Software vendor SAP has released security updates for 19 vulnerabilities, five of which are classified as critical, meaning administrators need to apply them as soon as possible to mitigate the associated risks.
The bugs fixed this month affect many products, but the critical severity bugs affect SAP Business Objects Business Intelligence Platform (CMC) and SAP NetWeaver.
More specifically, the five defects fixed this time are as follows:
- CVE-2023-25616: Severity critical code injection vulnerability (CVSS v3: 9.9) in SAP Business Intelligence Platform, which allows an attacker to access resources that are only available to privileged users. The flaw affects versions 420 and 430.
- CVE-2023-23857: Disclosure of Critical Severity Information (CVSS v3: 9.8), Data Tampering and DoS Fault affecting SAP NetWeaver AS for Java, version 7.50. The bug allows an unauthenticated attacker to perform unauthorized operations by connecting to an open interface and accessing services via the Directory API.

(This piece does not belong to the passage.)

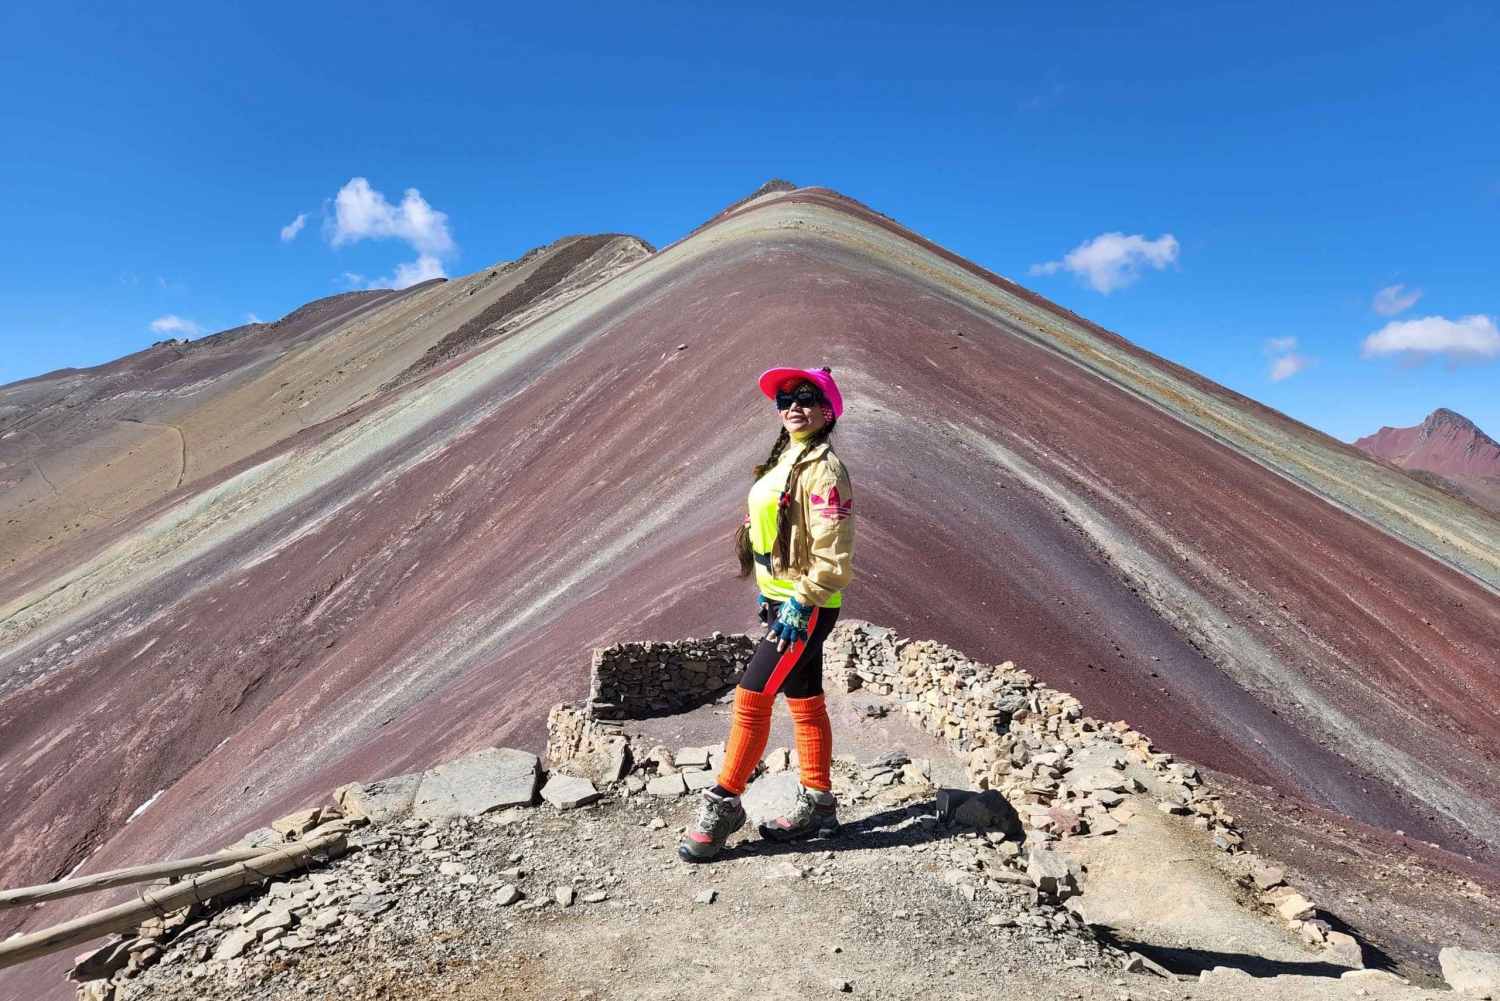 From Cusco: Rainbow Mountain Tour with Atvs

- CVE-2023-27269: Critical severity directory traversal issue (CVSS v3: 9.6) affecting SAP NetWeaver Application Server for ABAP. The flaw allows a non-administrator user to overwrite system files. It affects versions 700, 701, 702, 731, 740, 750, 751, 752, 753, 754, 755, 756, 757 and 791.
- CVE-2023-27500: Critical Severity Directory Traversal (CVSS v3: 9.6) in SAP NetWeaver AS for ABAP. An attacker can exploit the flaw in SAPRSBRO to overwrite system files, causing damage to the vulnerable endpoint. Impacts versions 700, 701, 702, 731, 740, 750, 751, 752, 753, 754, 755, 756, 757.

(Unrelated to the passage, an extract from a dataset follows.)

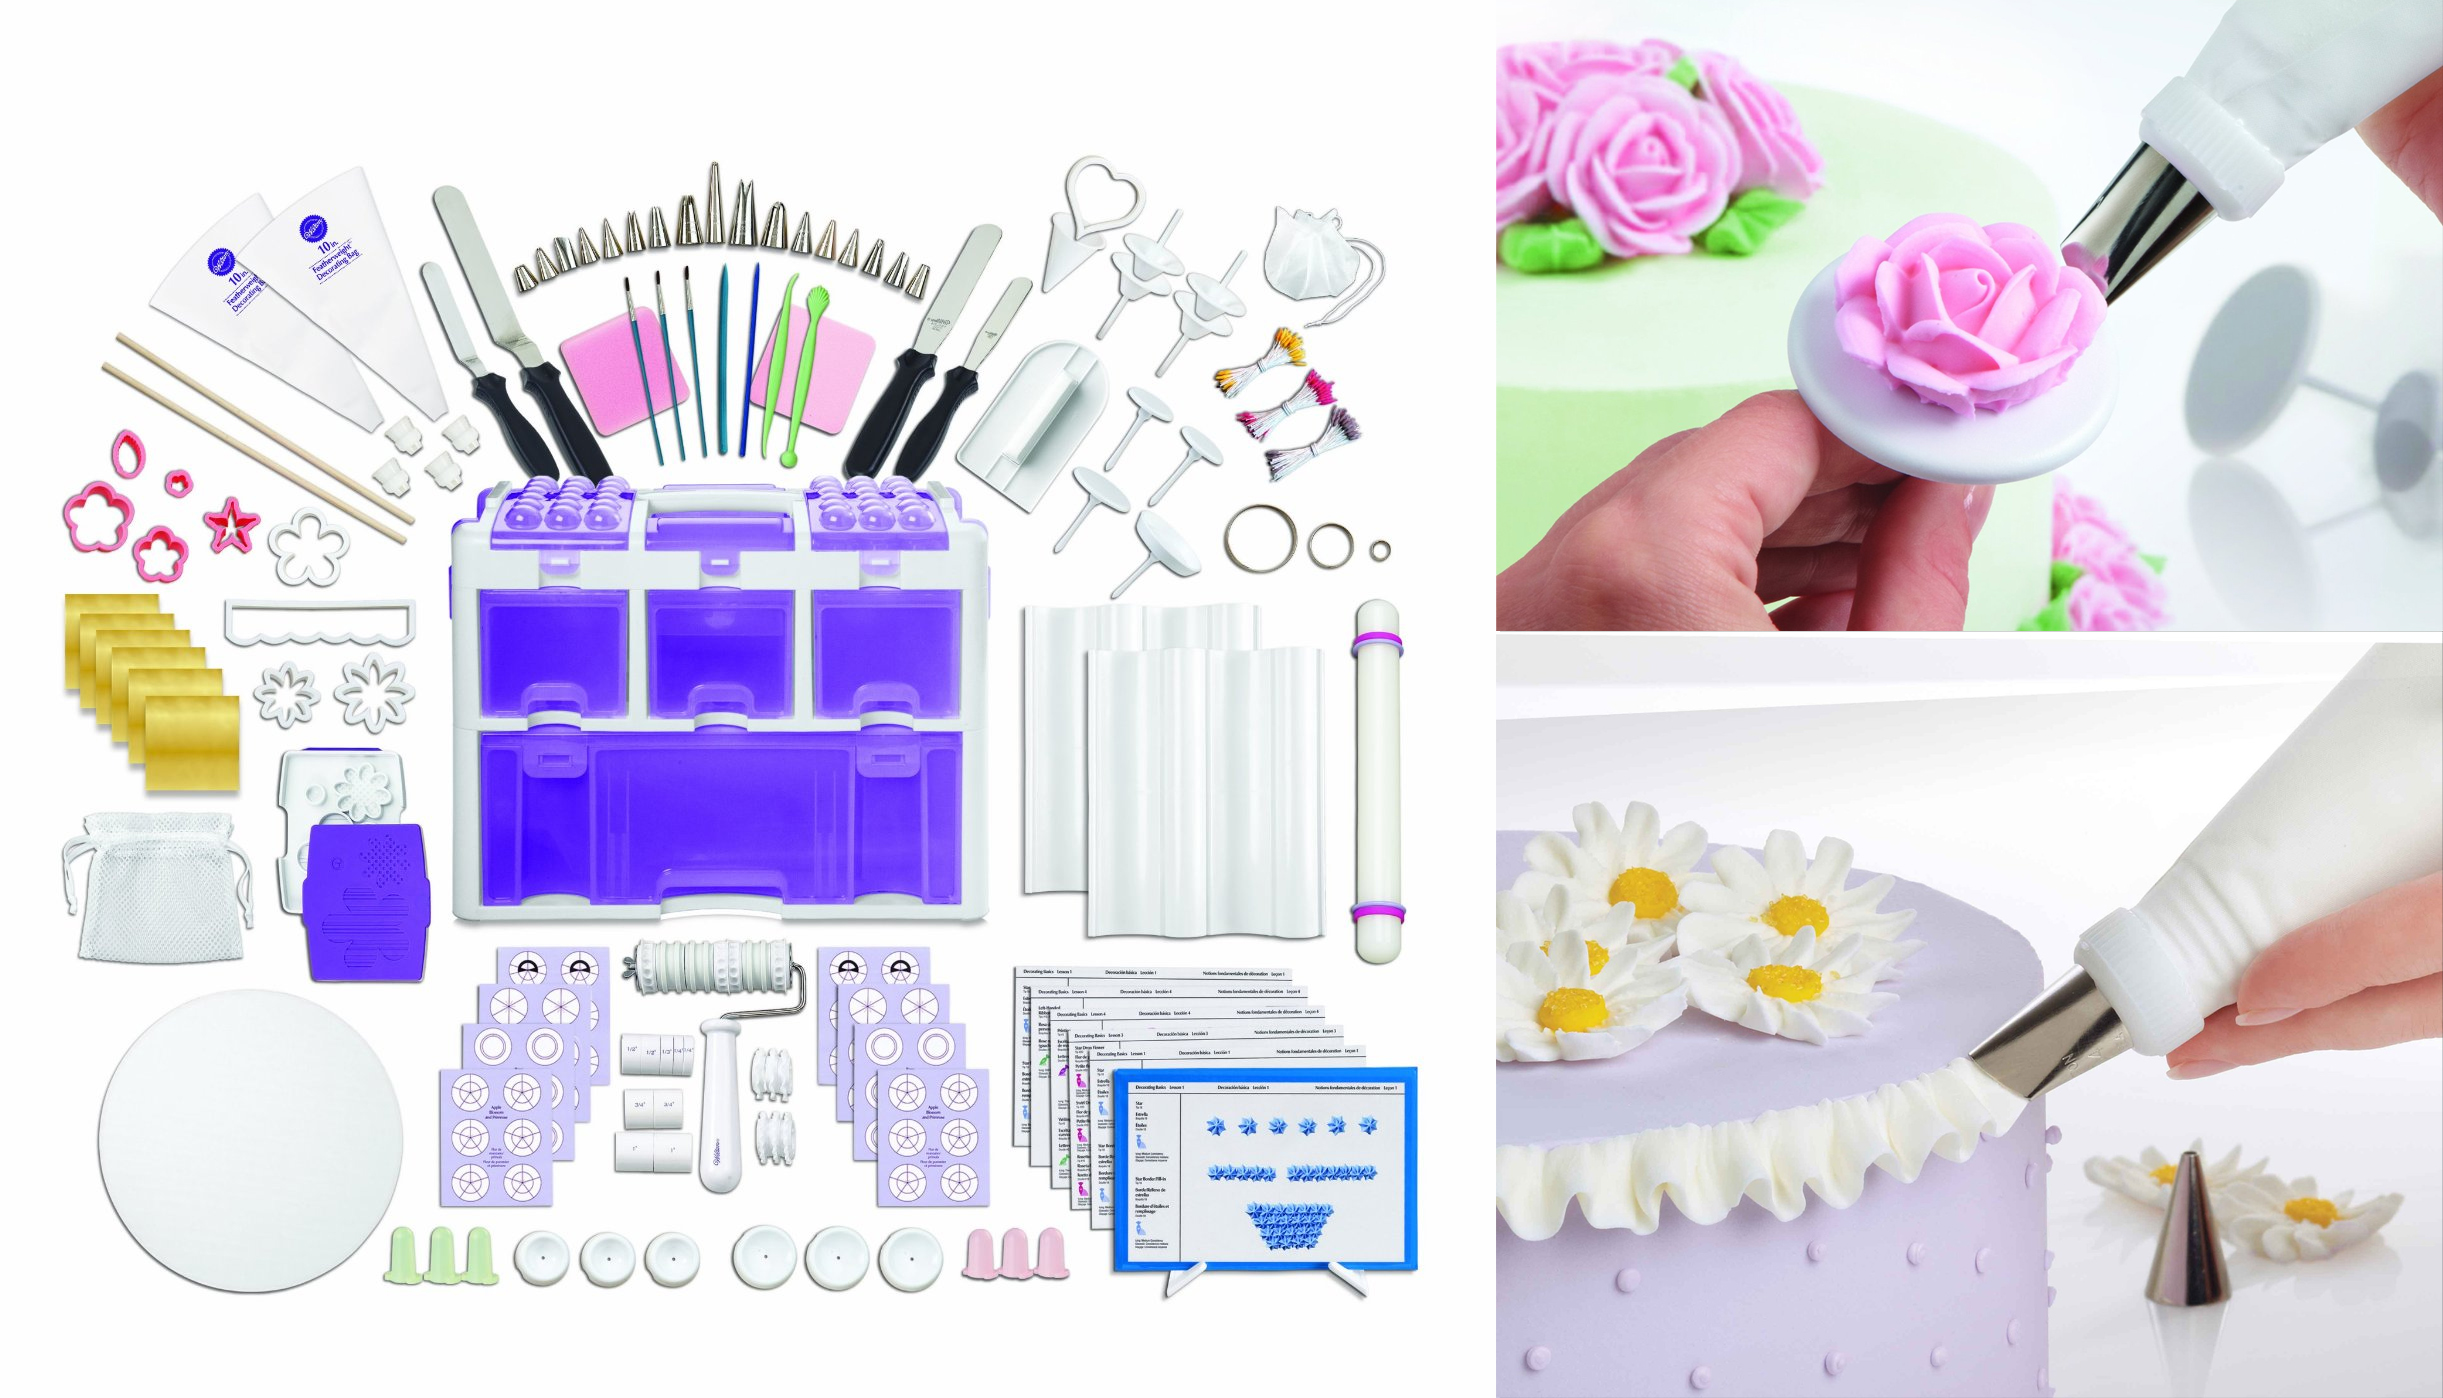 best gifts 2016 for bakers Professional Cake Decorating Set

- CVE-2023-25617: Severity Critical command execution vulnerability (CVSS v3: 9.0) in SAP Business Objects Business Intelligence Platform, versions 420 and 430. The flaw allows a remote attacker to execute arbitrary commands in the operating system via the BI Launchpad, the BI Launchpad, the central administration or a custom configuration. application based on the public Java SDK, under certain conditions.

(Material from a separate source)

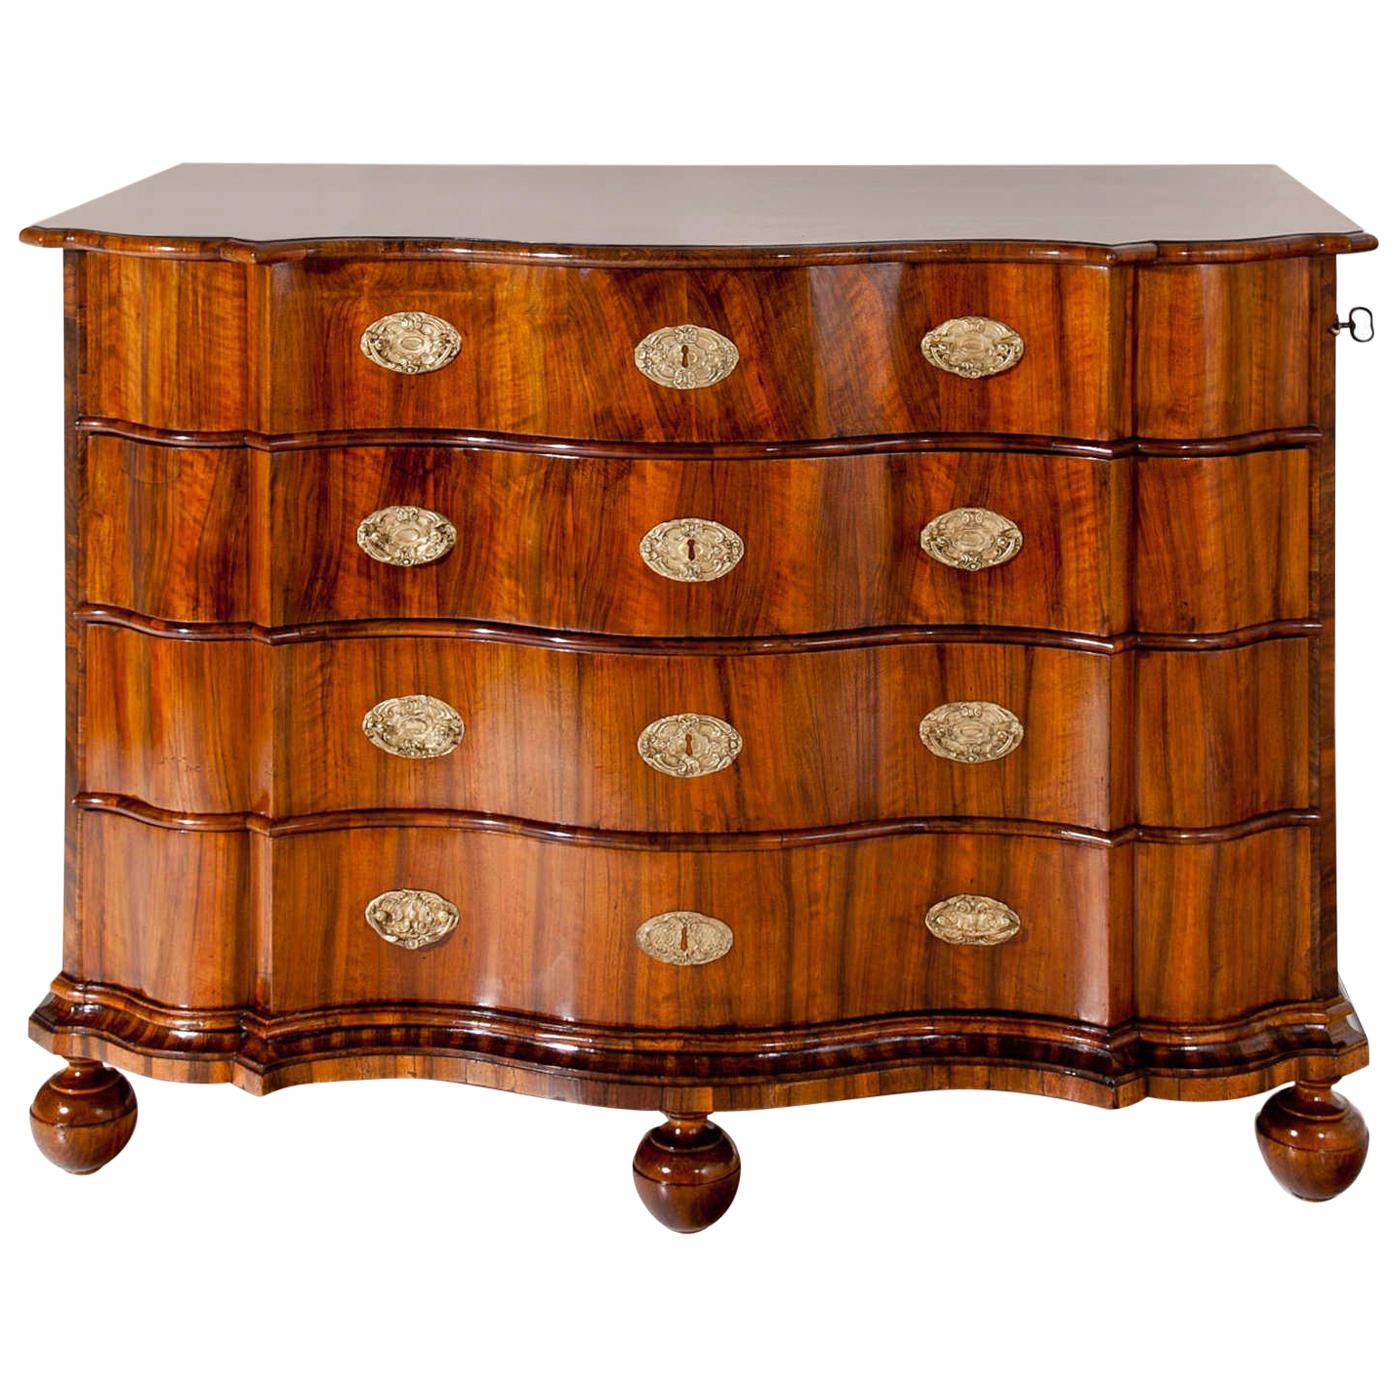 Baroque Chests of Drawers, France, circa 1730

Apart from the above, SAP’s monthly security patch fixed four high severity flaws and ten medium severity vulnerabilities.
Security flaws in SAP products are excellent targets for threat actors because they are commonly used by large organizations around the world and can serve as entry points into extremely valuable systems.
SAP is the world’s largest ERP provider, holding 24% of the global market share with 425,000 customers in 180 countries. More than 90% of Forbes Global 2000 use its ERP, SCM, PLM and CRM products.
In February 2022, the US Cybersecurity and Infrastructure Security Agency (CISA) urged administrators to patch a set of serious vulnerabilities affecting SAP business applications to prevent data theft, hacking attacks, ransomware and the disruption of mission-critical processes and operations.
In April 2021, threat actors were observed attacking fixed flaws in unpatched SAP systems to gain access to corporate networks.